Link to section: Design for Real Pressure, Not Imaginary ProblemsDesign for Real Pressure, Not Imaginary Problems
A design is not simple because it has fewer pieces. It is simple when it satisfies real requirements with the least complexity that can honestly support them.
This is where scale discussions often go wrong. Building for a launch that might explode, a customer base that might arrive all at once, or a product that might become much larger than it is today can sound responsible. Sometimes it is. More often, it is a success story the business tells itself before reality has a chance to disagree.
If the requirements do not call for that version of the system, the extra architecture does not simplify anything. It makes the present pay for a future that may never arrive.
The opposite mistake is just as expensive. A design can look simple on paper yet fail to meet the requirements in practice. That usually happens when the design ignores the work the system actually has to do.
I have seen this happen in a service where a single request could lead to a large amount of downstream work. The smallest design on paper was to keep the flow direct and synchronous. No queue. No caching.
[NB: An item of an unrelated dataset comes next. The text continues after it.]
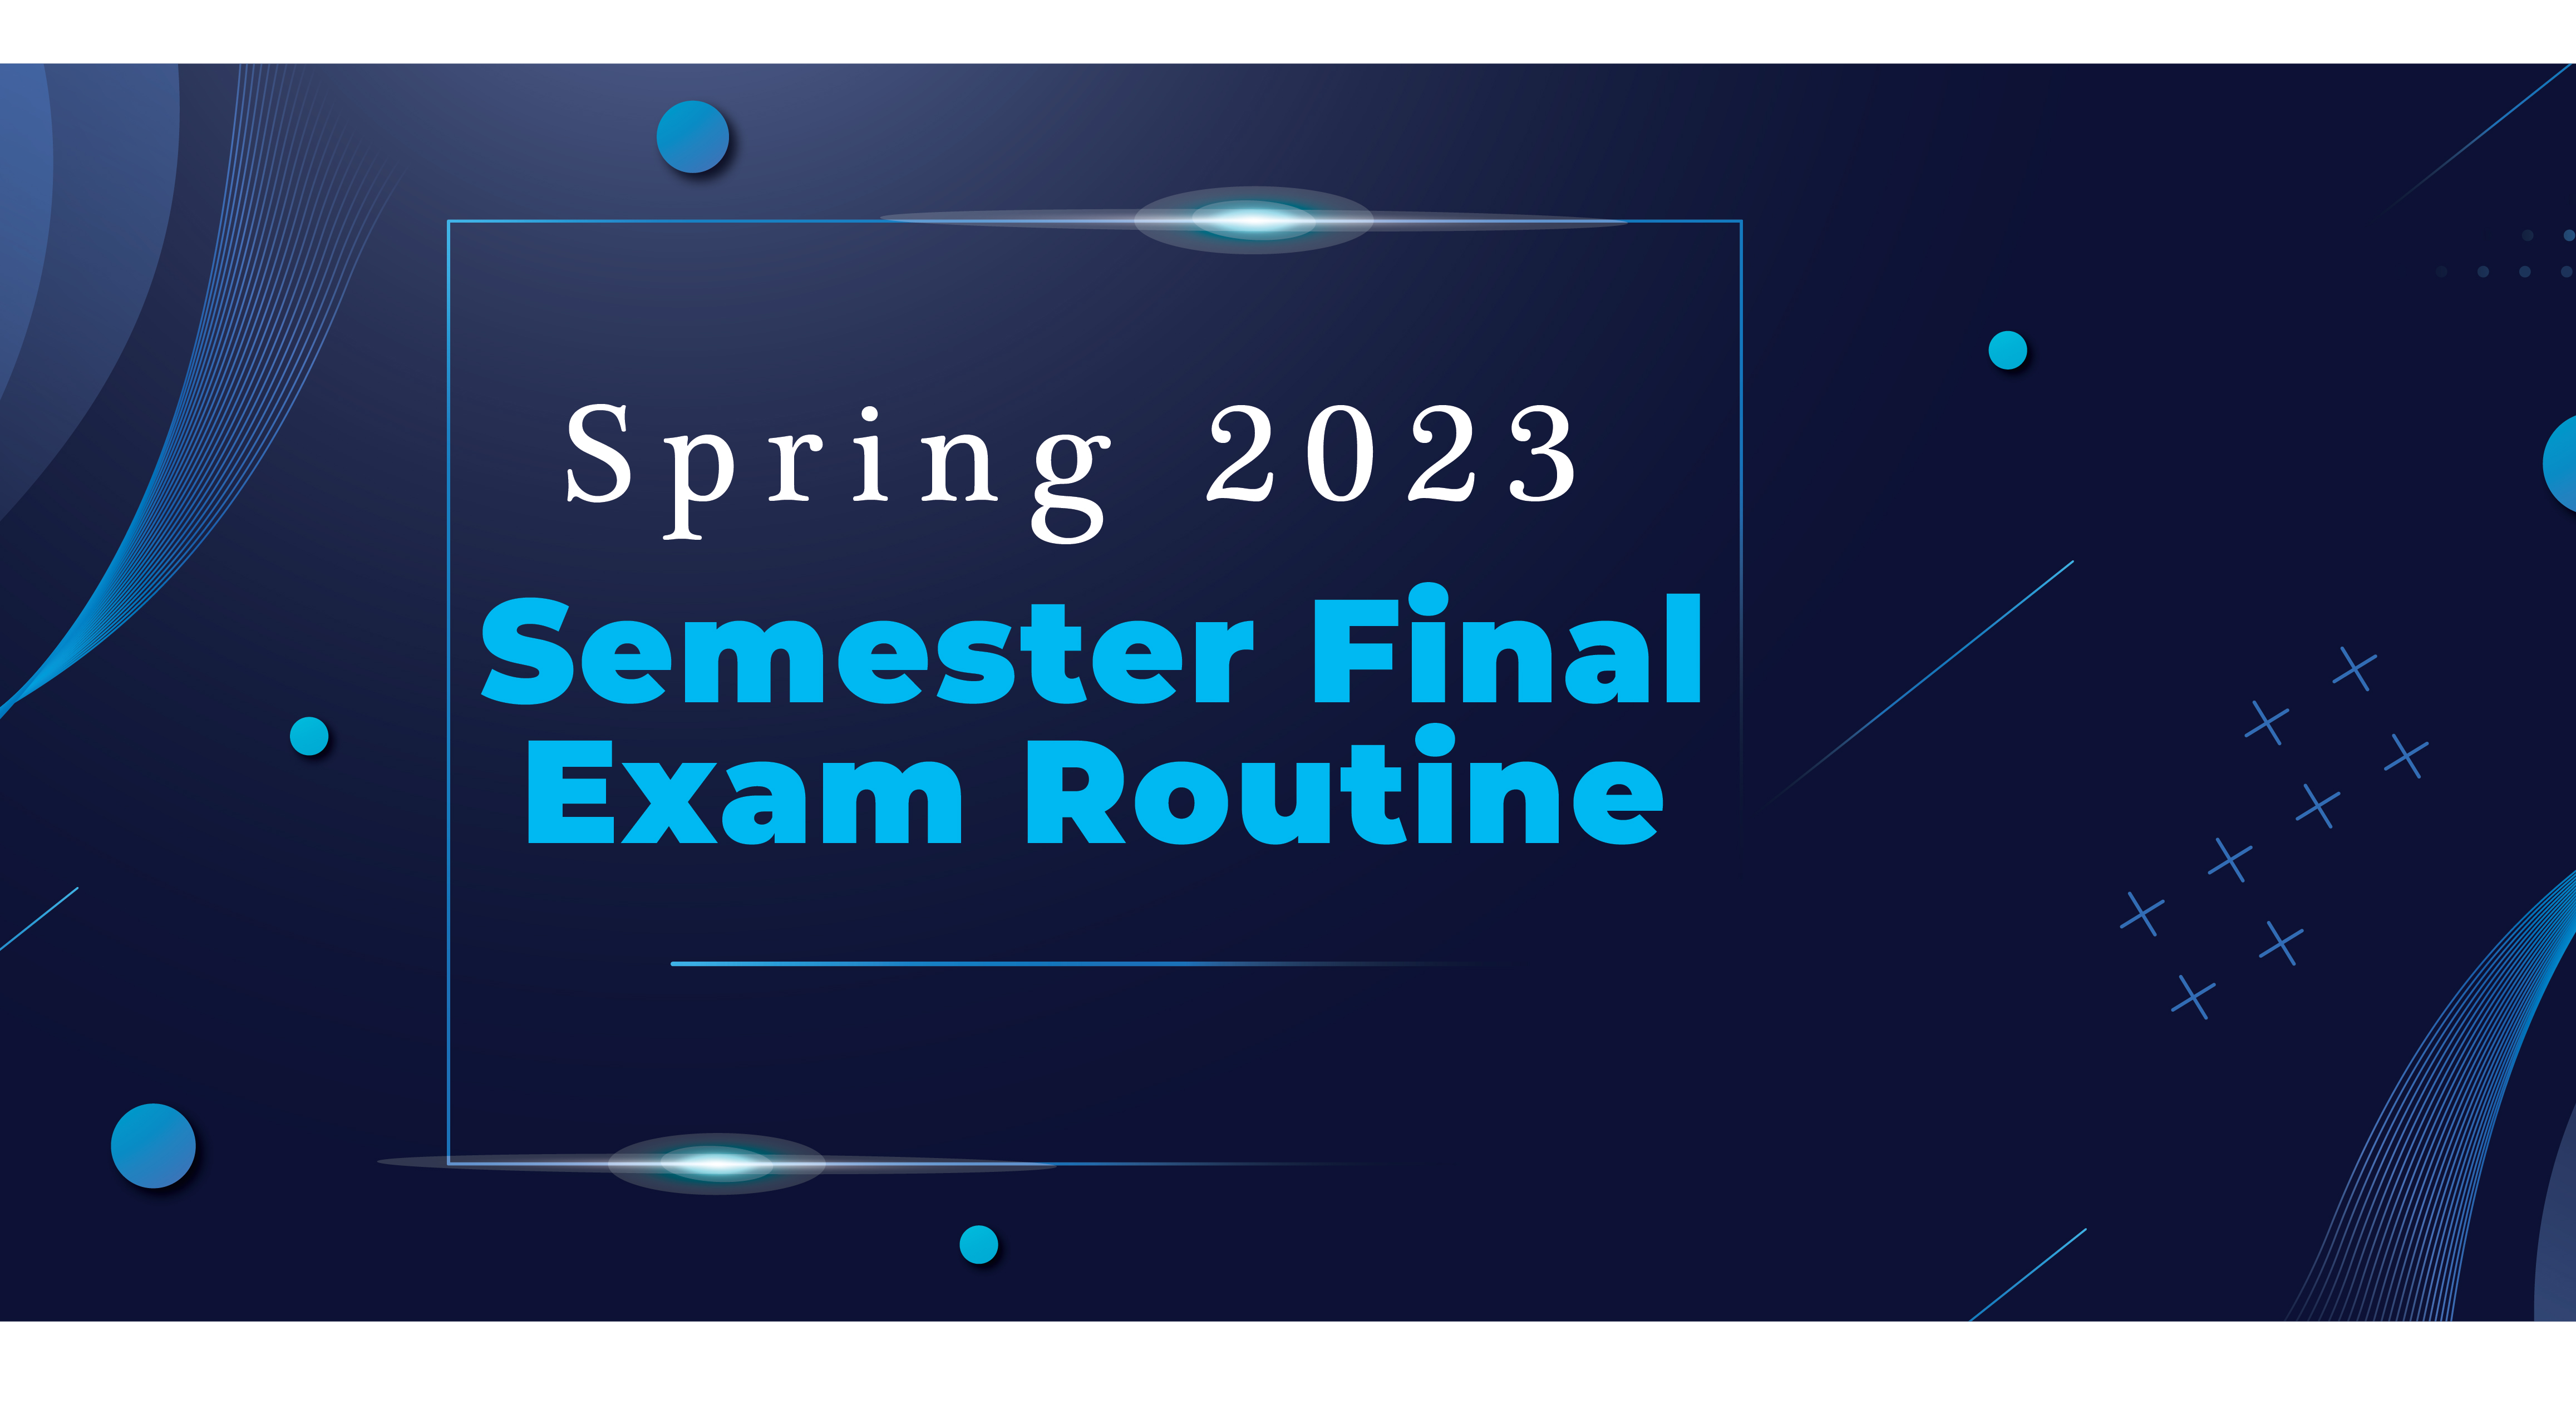 SPRING 2023 SEMESTER FINAL EXAM ROUTINE FOR BENGALI

No bulk operations. Just let the service handle the work.
That looked simple until the system was tested under realistic conditions. The service was being DDoSed by itself. That was the point where the design had to change.
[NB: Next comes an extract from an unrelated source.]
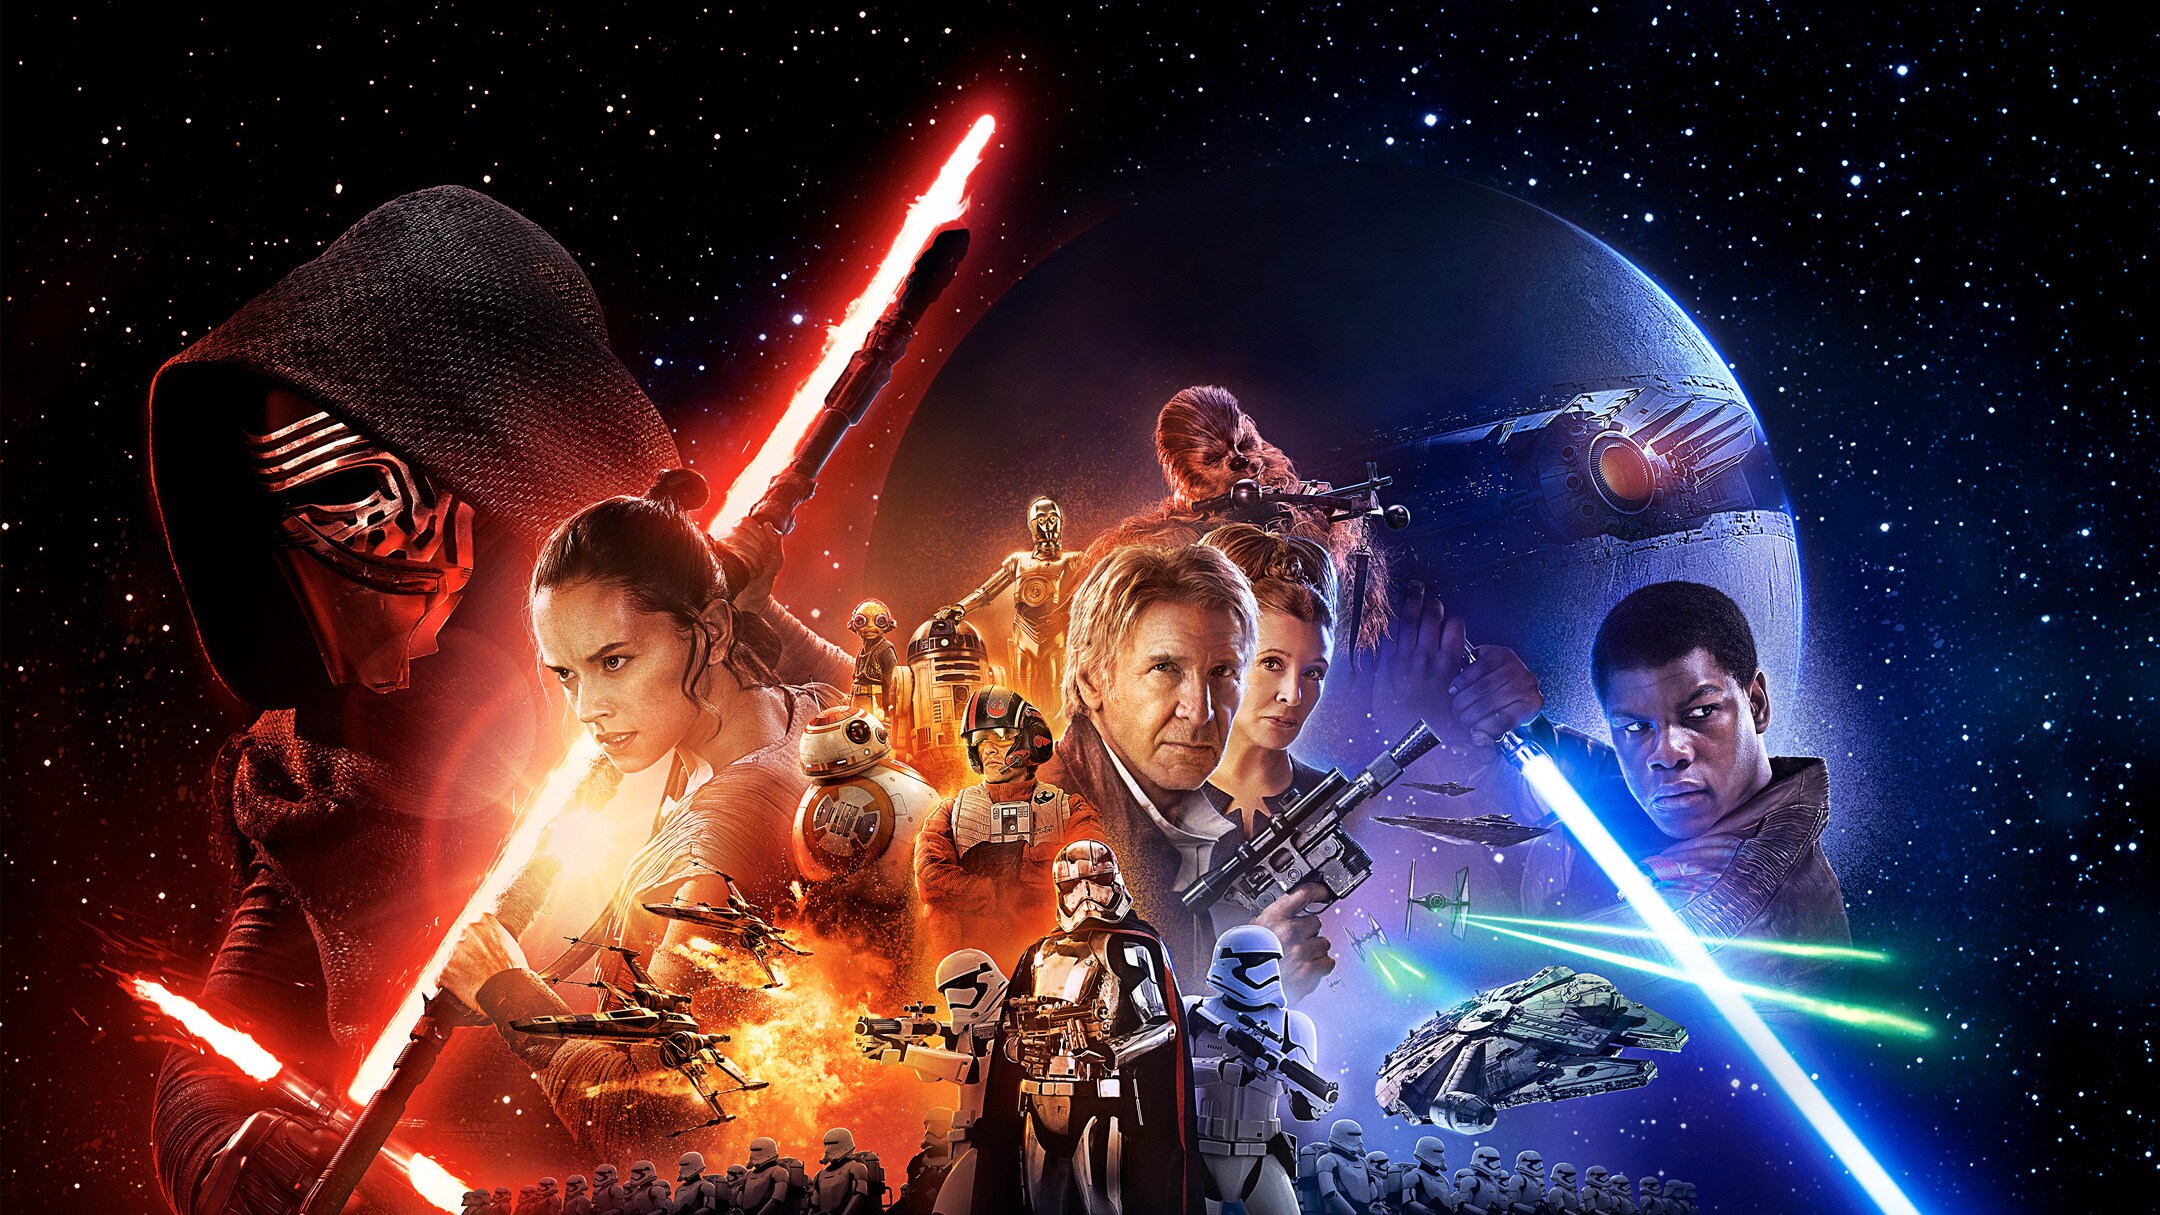 Star Wars: The Force Awakens Theatrical Poster First Look, In-theater Exclusives and More

At that point, the queue, cache, and bulk endpoints were not extra architecture for some theoretical future. They were the simplest design that actually matched the problem. The queue made the work explicit rather than hiding it in the request path. The cache made repeated work visible and avoidable. The bulk endpoint gave the caller a way to express the actual operation rather than forcing the system to simulate it by storming it with a series of smaller calls.
On paper, that is more structured. In practice, it is simpler because the responsibilities are clear. You can see how the work flows through the system, which part owns which problem, and where the pressure should go.
That is the difference. Unnecessary scale work adds complexity beyond the requirements. Ignoring real pressure simplifies the diagram by pushing complexity into runtime behavior. Neither is simple.
Simplicity works only when the design meets the requirements in the simplest, most honest way. Sometimes that means leaving the future alone. Sometimes it means adding the structure that makes the present understandable.
Link to section: Keep the Right Futures PossibleKeep the Right Futures Possible
Architecture mostly decides which costs the system should accept. Complexity does not disappear just because it is kept off the diagram. It shows up later in the code, and people have to understand the system they have to operate or the changes they have to make.
Before adding complexity, I want to understand what it protects, what makes it worth paying for now, and where it will live once it exists. Not because those questions are a framework, but because they keep the judgment honest. A boundary that makes a real mismatch explicit is different from a boundary added because boundaries feel clean. A queue that moves real pressure out of the request path is different from a queue added because scale might become a problem someday.
A simple system is not one that refuses complexity. It is one that can explain it. The rule has one home because drift would be dangerous. The mismatch has a boundary because ignoring it would spread the problem. The future stays possible, but it does not get to tax every decision before it arrives.
Simple does not mean basic, naive, or architecture-free. The best architecture is not the one that prepares for every possible future. It is the one that keeps the right futures possible without making the present harder than it needs to be.